Closed luchr closed 7 years ago

luchr commented 7 years ago

Hello, one often wants to take derivatives of the solution of an ODE w.r.t. the initial-state.

Using ODE.jl and ForwardDiff.jl this is only possible with a very very ugly hack:

using ODE
using ForwardDiff
mytest_rhs = (t,x) -> 5*sin.(x)

# Don't do this: This is ugly
###
import Base.convert;
function convert(::Type{Float64}, x::ForwardDiff.Dual)
    return x.value
end;
###

Sol = x0 -> ode45(mytest_rhs, x0, [0.0, 1.0])[2][end]
Sol(1.0)
ForwardDiff.derivative(Sol,1.0)

Do you see possibilities to get rid of the explicit type casting and inferring done by ODE.jl? Here are some examples:

  1. errs = Float64[] in runge_kutta.jl
  2. function hinit{T}(F, x0, t0::T, tend, p, reltol, abstol) where T is the type for the time and later with h0 = convert(T,h0) this h0 is converted to T even if h0 is calculated with the help of the state(!).

Why is this hack above bad? Because of this conversion at some places the partial-derivative informations are completely lost which may have negative impact on the accuracy of the values for the computed derivatives.

ChrisRackauckas commented 7 years ago

This is already supported in DifferentialEquations.jl via OrdinaryDiffEq.jl. Your example

using DiffEqBase, OrdinaryDiffEq 
# Or just using DifferentialEquations , but this is the minimal set of deps for this
using ForwardDiff
mytest_rhs = (t,x) -> 5*sin.(x)

function end_from_u0(u0)
  prob = ODEProblem(mytest_rhs,u0,(typeof(u0)(0.0),typeof(u0)(1.0)))
  sol = solve(prob,Tsit5())
  sol[end]
end

end_from_u0(1.0)

ForwardDiff.derivative(end_from_u0,1.0)

so I'm not going to put the work in here, but would review a PR.

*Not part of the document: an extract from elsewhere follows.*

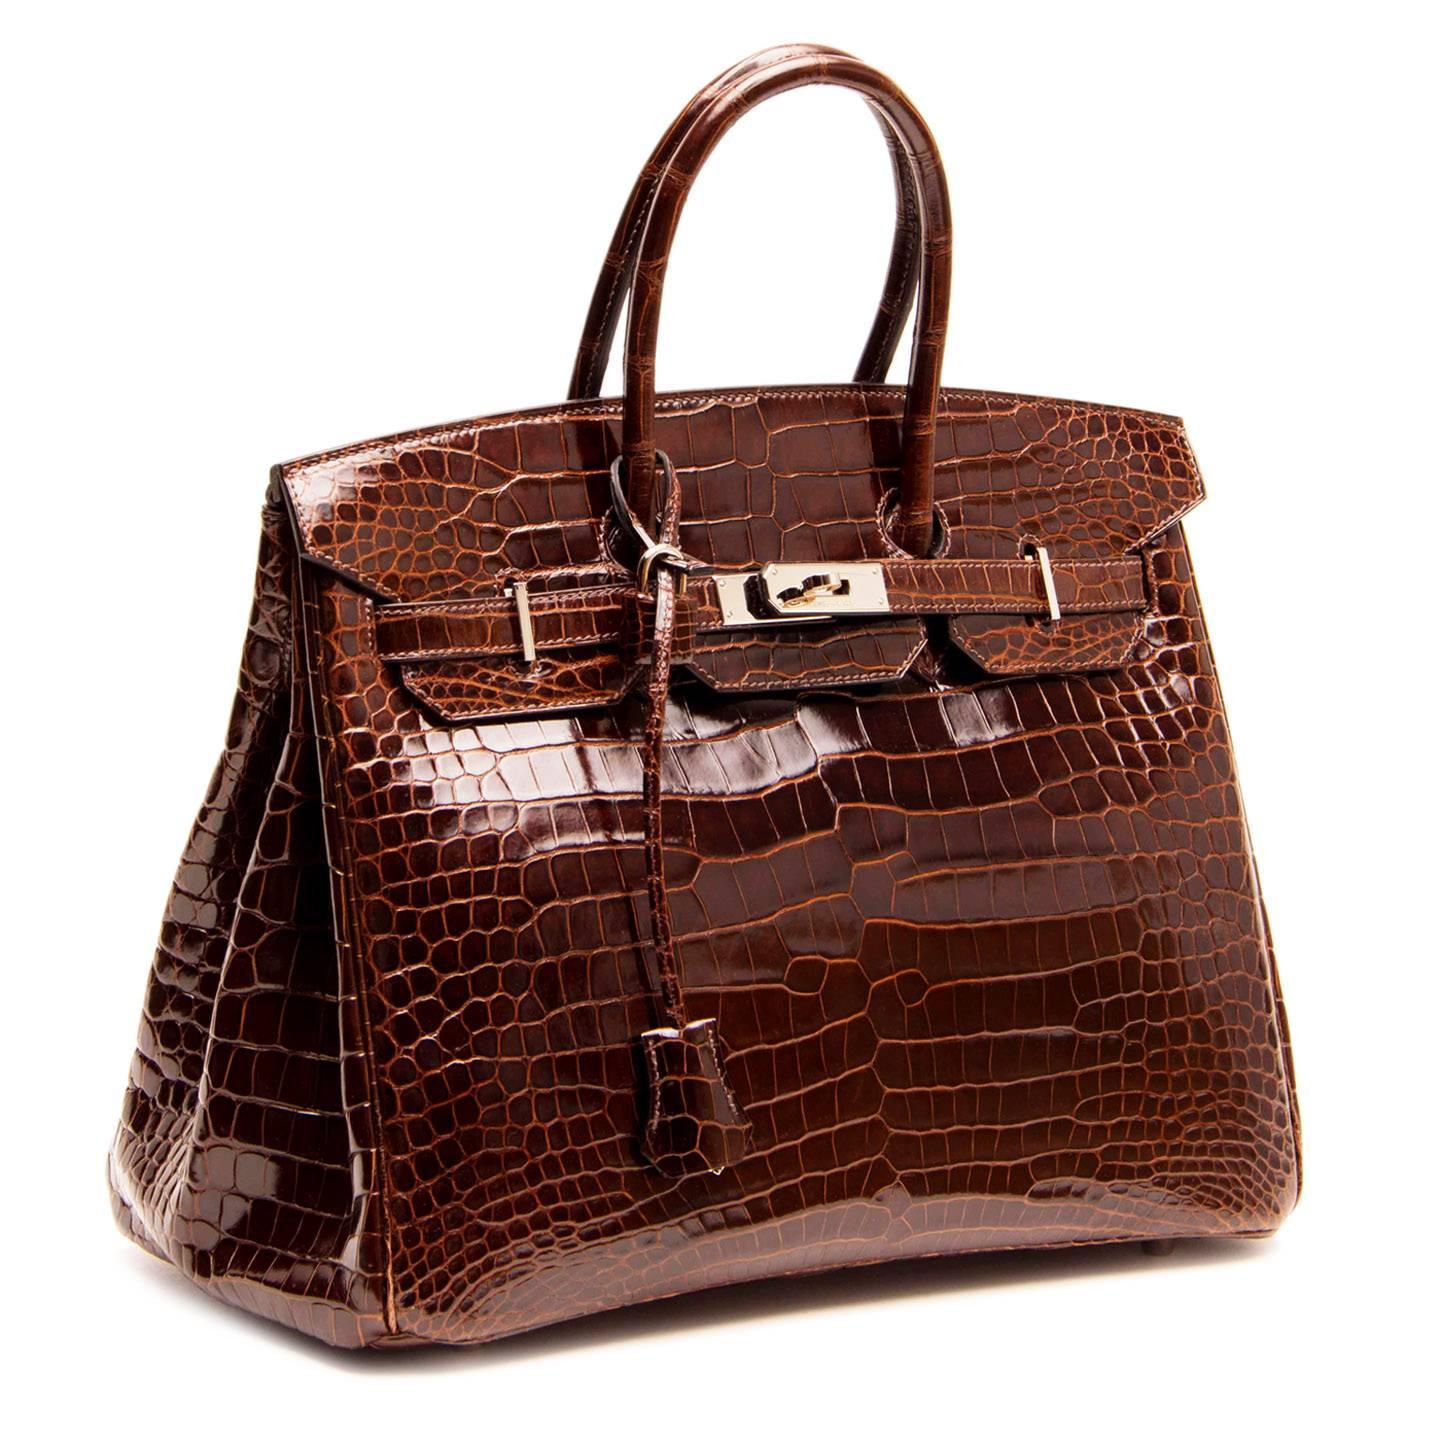 Beautiful chocolate brown crocodile Birkin 35cm bag with rolled handles and front flap that fastens with palladium turn-clasp buckle closure. This exquisite Chocolate Brown Porosus Crocodile Birkin is very rare to find in the shiny finish. Porosus,

The reason why the type for time should be a dual too is nuanced. Two places: initial dt estimation and stepsize control. Intuitively, the each dt actually changes with the initial condition changes, so it needs to be a dual. More concretely, dt needs to match the type of time in order for many things to work (ex: complex independent variables). However, in many cases dt is directly calculated from estimates of the solution (error estimates for adaptivity, slope estimates / error estimates for initial dt). So it needs to be a type (sometimes with units) that is compatible with time, yet be compatible after scaling values from the independent variable. So it needs to be Dual if the indvars are Dual.

luchr commented 7 years ago

OK. Thanks.